Kemp's quest: to revitalize US inner cities. Bush's choice as HUD chief seems sure to be easily confirmed
The man who formerly quarterbacked pro football's Buffalo Bills is now trying to make winners out of troubled government programs to aid America's distressed cities. But first he is likely to change the game plan. Jack Kemp is expected to have no difficulty gaining Senate confirmation to the Cabinet position of secretary of Housing and Urban Development (HUD). President-elect George Bush officially nominated him Monday. Mr. Kemp, an economic conservative, gave up his seat in the US House of Representatives this year to run unsuccessfully for president.
Conservatives expect Kemp to move HUD away from government subsidies for low-income housing for inner-city residents. Instead, says Stuart Butler, ``over the long haul'' Kemp's greatest effort will probably be ``to breathe new life in the depressed inner cities.'' Mr. Butler directs the Heritage Foundation's Roe Institute for Economic Policy Studies.
During his presidential campaign, Kemp stumped the inner cities, backed programs to allow public-housing residents to purchase the apartments in which they lived, and repeated his longstanding support for public-private programs to revitalize central cities.
``The most serious problem'' that Kemp will face, says Douglas Besharov, ``is engaging blacks and other minorities in the process of government, and in our economy as a whole. ... He's going to try to bring them into the mainstream of our country.
Mr. Besharov, a senior fellow at the American Enterprise Institute, says that providing federal funds is only part of the process. ``A much more important part is atmospherics. People have to feel that someone is listening to them, and that there are alternatives to simple subsidies'' for housing. Kemp, Besharov says, can be expected to try alternatives.

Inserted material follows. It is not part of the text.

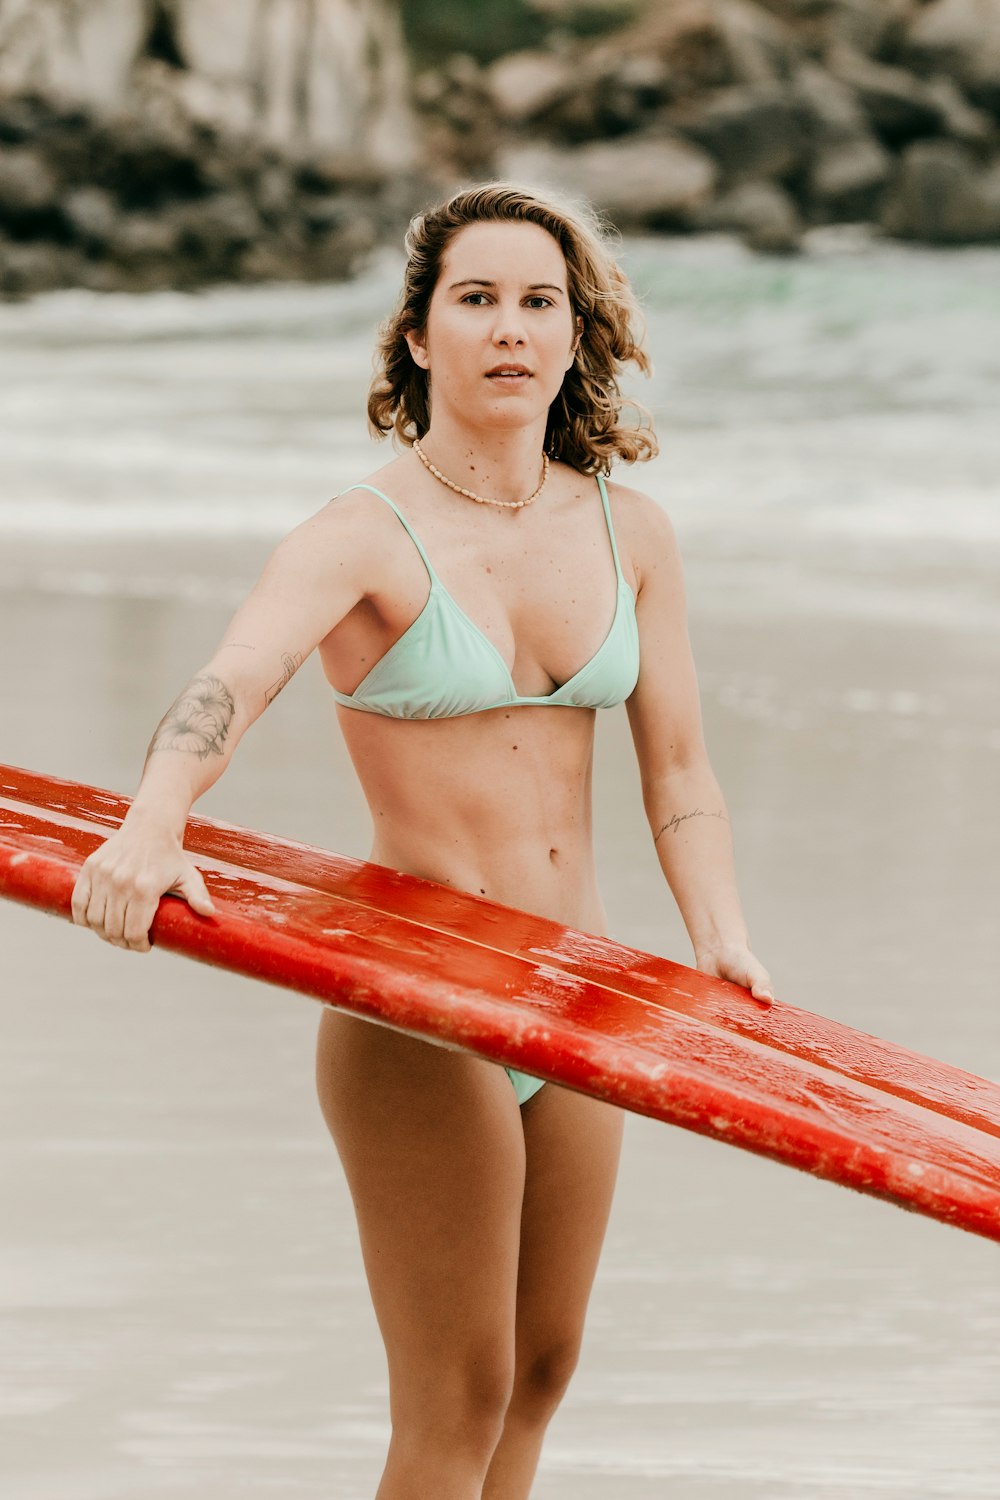 woman in white bikini standing on red surfboard

He ``is an activist.''
Kemp himself said when his nomination was announced that he considered it ``absolutely necessary, and possible, I believe, to gain consensus on a public-private enterprise partnership to wage war on poverty.''
In announcing the nomination, Mr. Bush called Kemp ``an idea man.'' Mr. Butler expects Kemp's ideas to include seeking to expand HUD programs to permit public-housing tenants to own their apartments. Further, he says, Kemp will seek to work with community-based organizations that too often in the past have felt stifled by bureaucratic government requirements.
Butler also says Kemp will be working with other government departments to try to deal with major problems besieging many large cities that are not strictly within HUD's purview. Drug abuse and educational deficiencies are two of the most serious.
Yet by wide agreement the most immediate problem is housing for the poor, especially for the homeless.
Estimates on how many Americans are homeless vary widely. Yet their visibility ``is creating a lot of pressure on local officials and governments,'' says Margery Turner, a housing specialist at the Urban Institute. ``And that pressure is working its way up'' to federal authorities, which she says will require Kemp, as head of HUD, to take action.
The primary legislation that Congress this year passed into law to deal with homelessness, says Martha Burt, provides most of its money for emergency housing. It is the McKinney Act, named for the late Connecticut Rep. Stewart McKinney (R), who championed aid to the homeless.
Ms. Burt, director of social services research at the Urban Institute, says what the federal government has not yet done in a major way is to look at preventing homelessness.
Several serious problems exist with the housing that the federal government now subsidizes. For one thing, thousands of public housing units are dilapidated. Their repair is expected to cost $20 billion, according to a year-old HUD study. In some large cities the number of poor in need of housing far outstrips available subsidized housing.
During the 1960s and '70s some 1.9 million apartments were built by private owners with federal subsidies, on condition that for a period of years they be rented to low-income tenants. Over the next 15 years, according to the Government Accounting Office, more than half of these apartments will become eligible to be used in other ways, such as rented for higher incomes or converted to condominiums. The result could be significantly fewer low-income apartments.